(EXERCISE MATERIALS Opens)

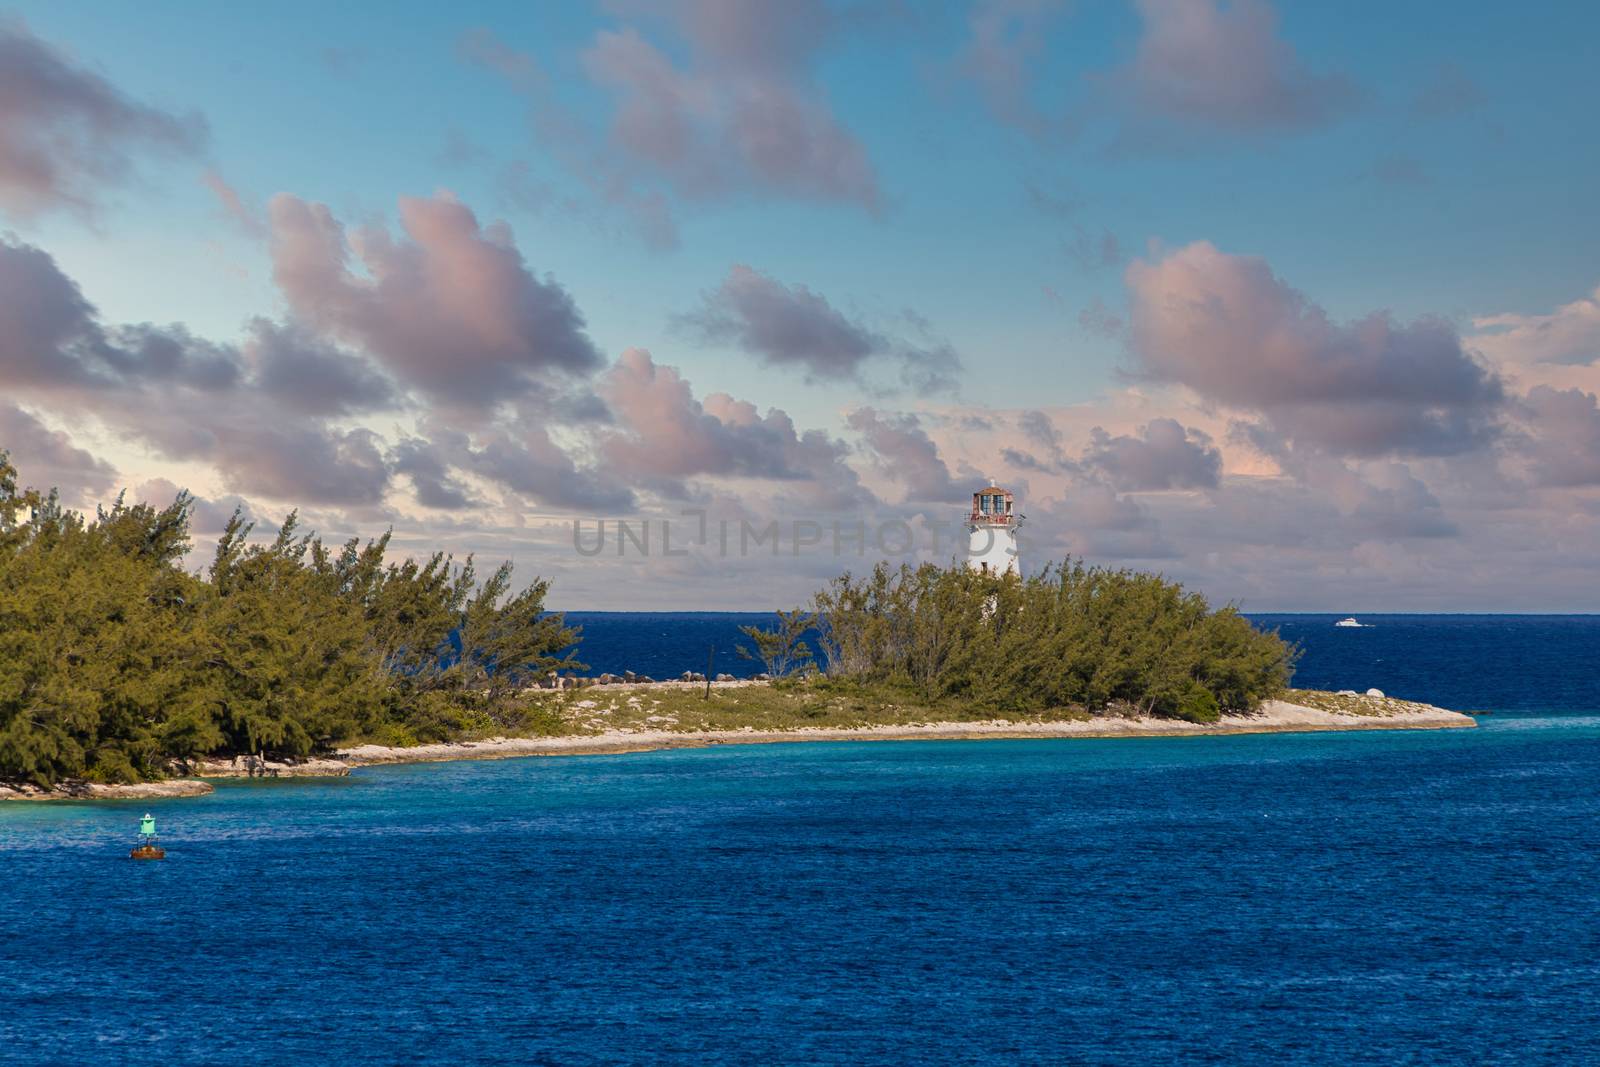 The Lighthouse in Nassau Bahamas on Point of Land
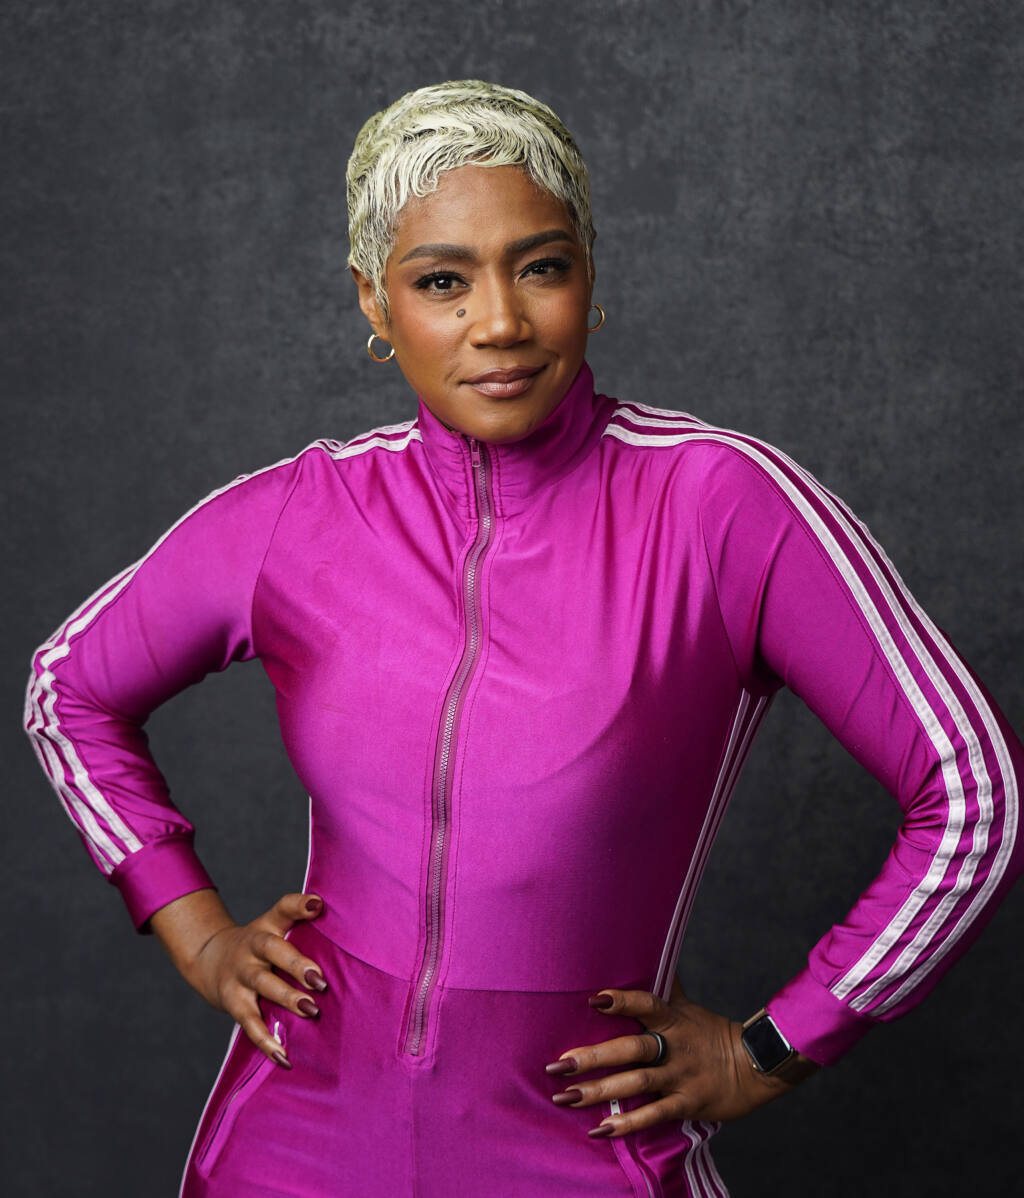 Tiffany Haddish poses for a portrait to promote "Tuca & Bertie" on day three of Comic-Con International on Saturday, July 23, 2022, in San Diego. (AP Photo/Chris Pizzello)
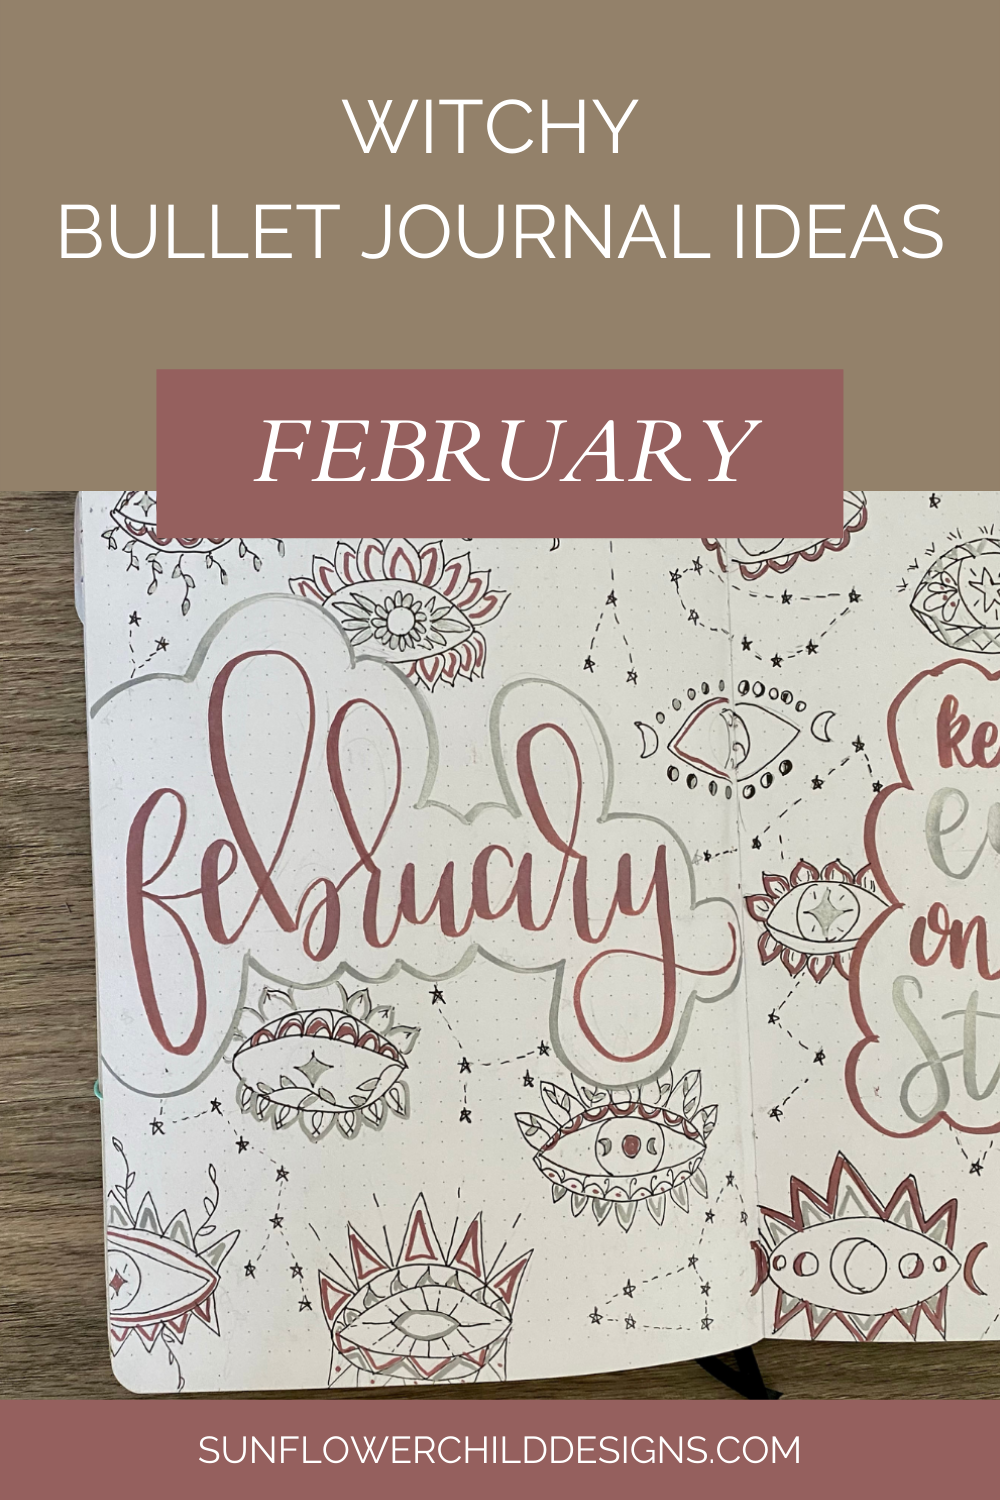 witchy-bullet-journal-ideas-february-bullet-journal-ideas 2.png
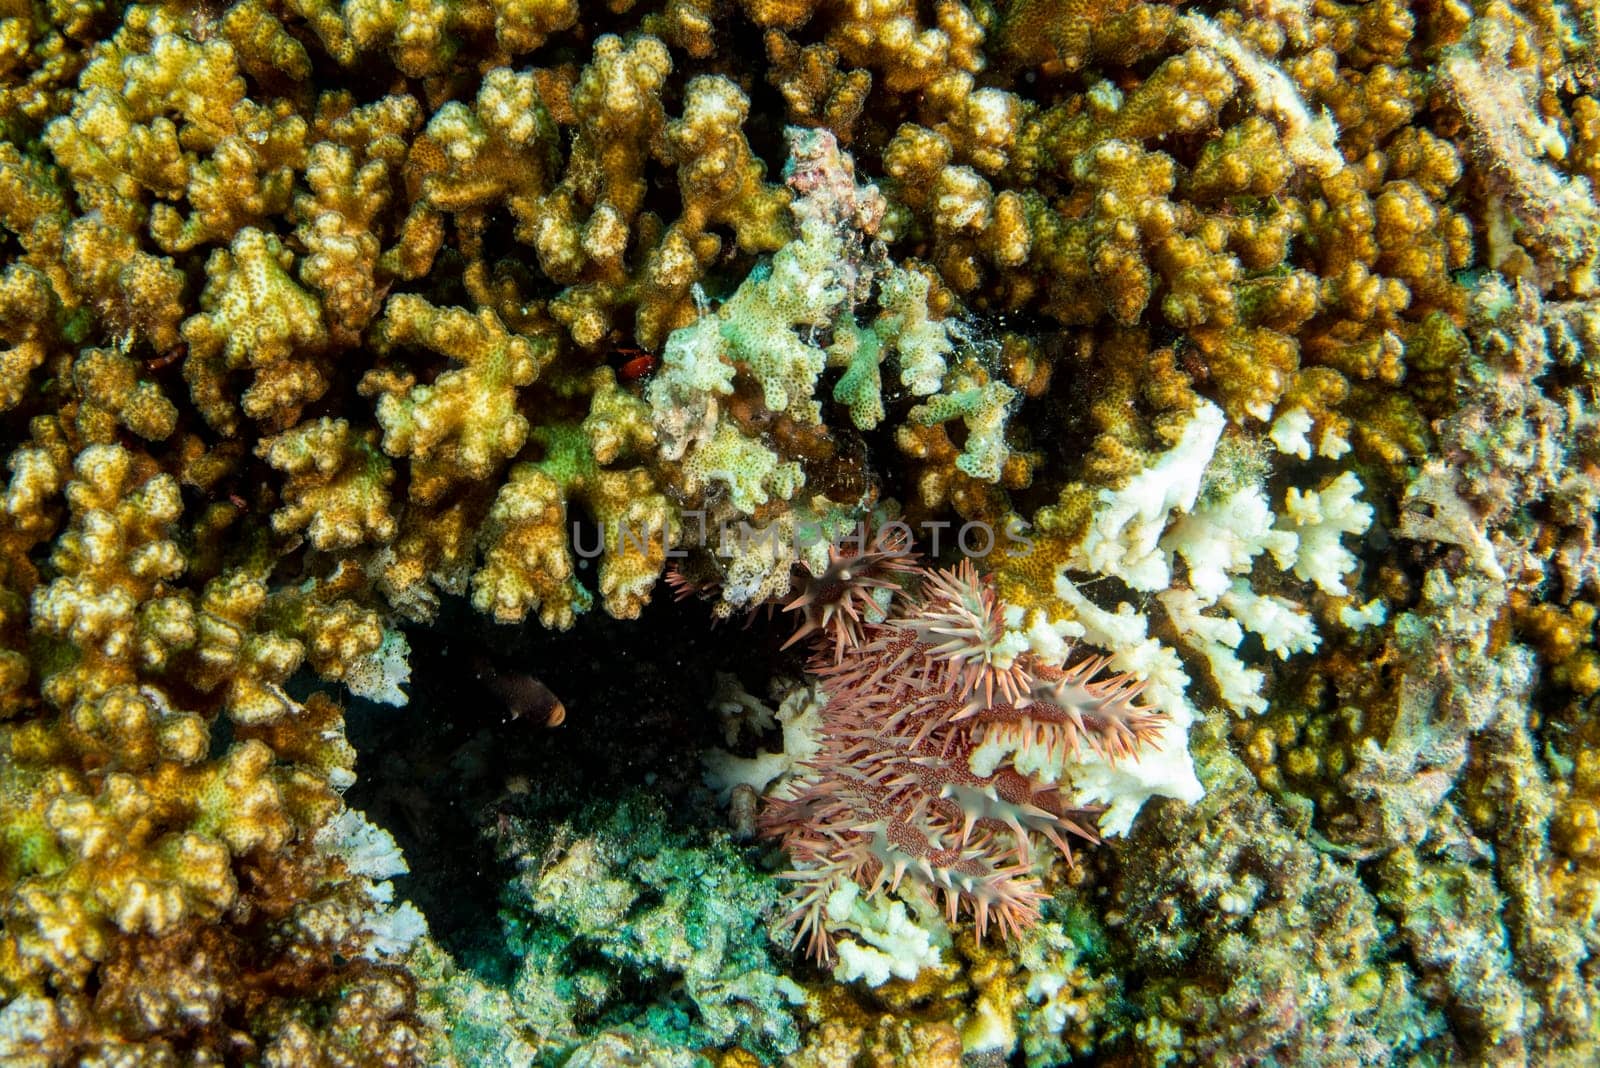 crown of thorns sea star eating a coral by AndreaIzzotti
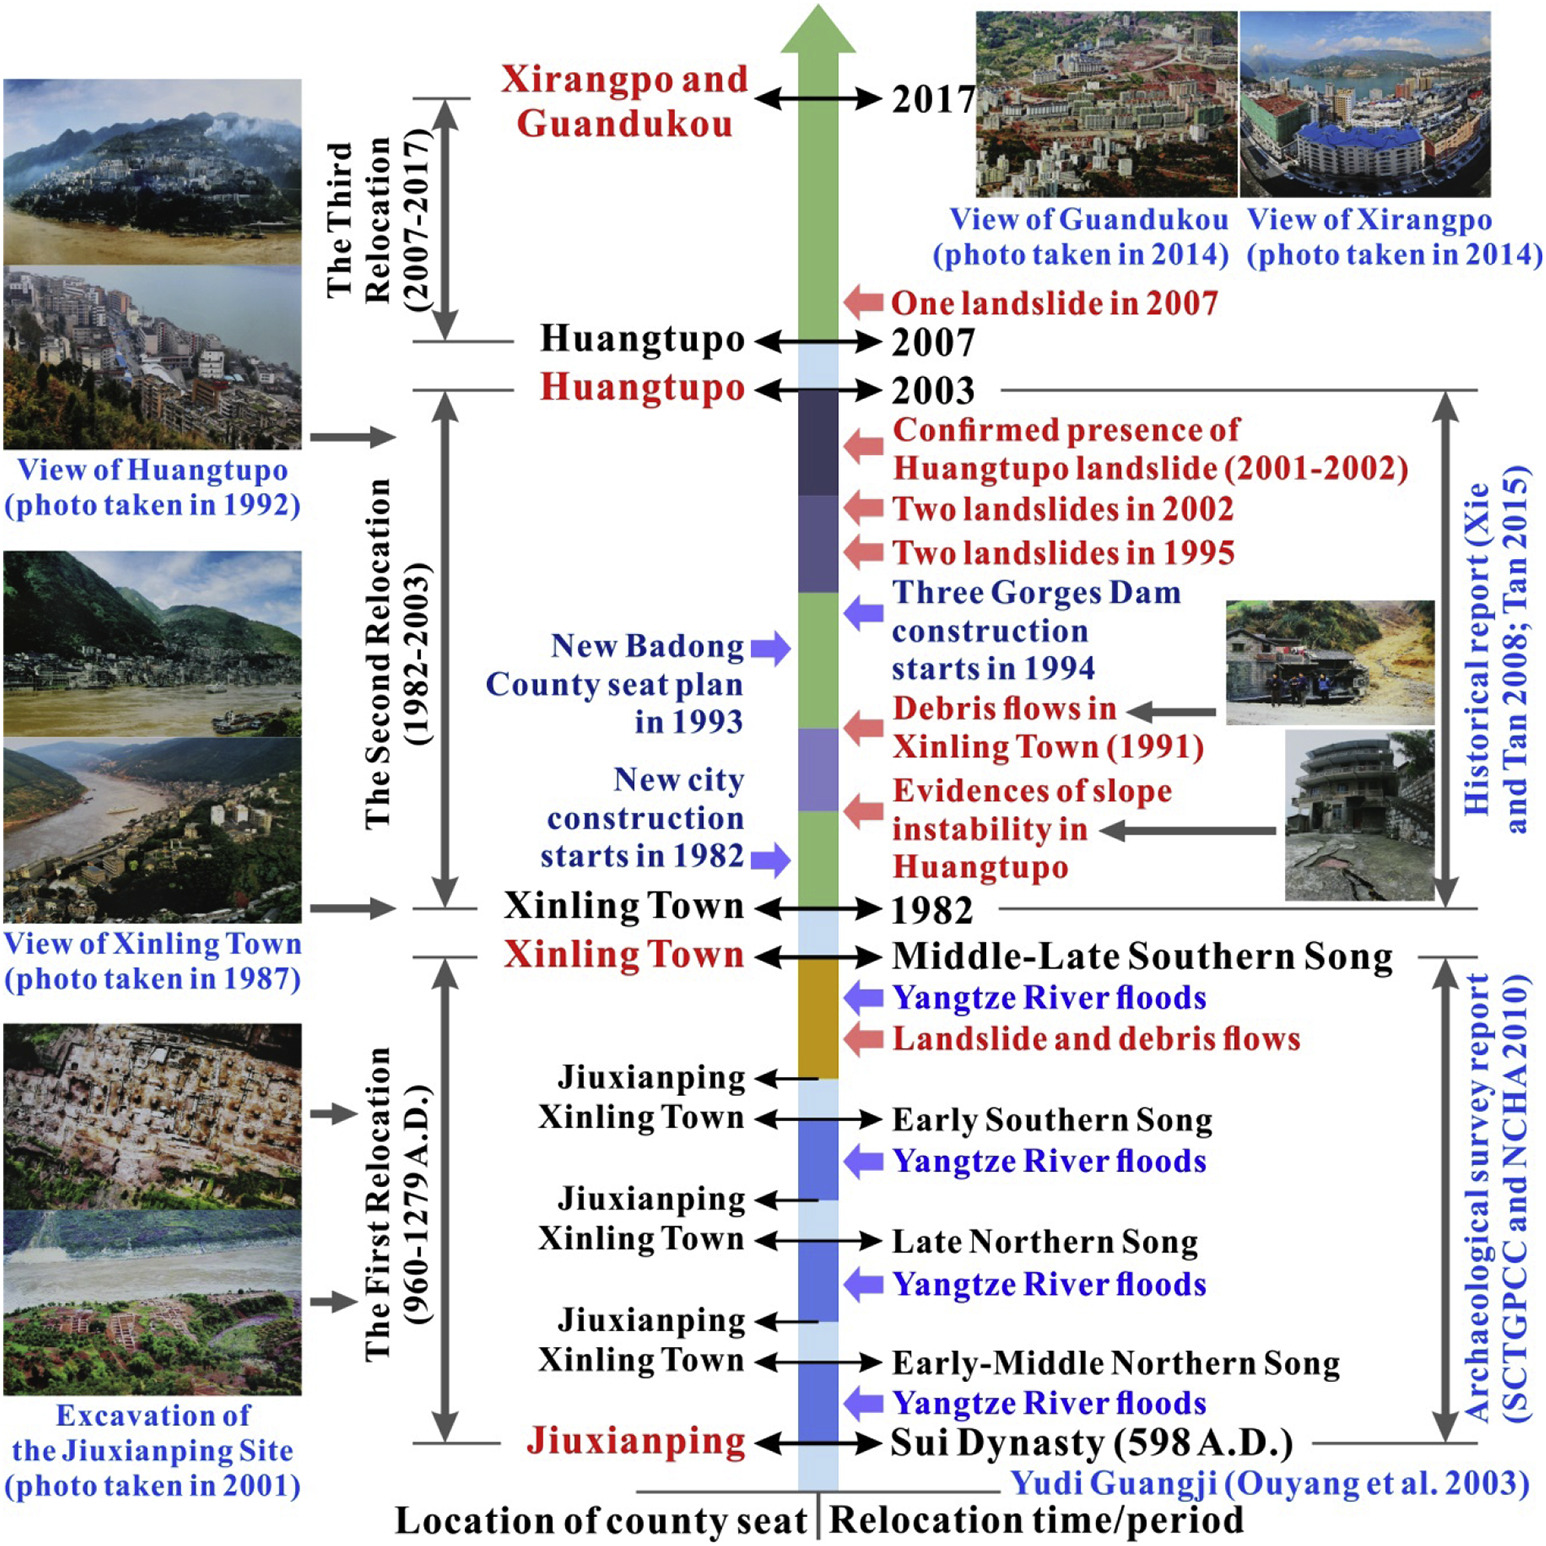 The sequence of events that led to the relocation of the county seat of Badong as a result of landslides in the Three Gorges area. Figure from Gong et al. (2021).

(EXERCISE MATERIALS Closes)

EXERCISE DESCRIPTION
Using the listing above, copy every line from the line containing "witchy-bullet-journal-ideas-february-bullet-journal-ideas 2.png" through the last one, both included, and no other lines. Pictures stay out.

SOLUTION FOR THIS TASK
 witchy-bullet-journal-ideas-february-bullet-journal-ideas 2.png
 crown of thorns sea star eating a coral by AndreaIzzotti
 The sequence of events that led to the relocation of the county seat of Badong as a result of landslides in the Three Gorges area. Figure from Gong et al. (2021).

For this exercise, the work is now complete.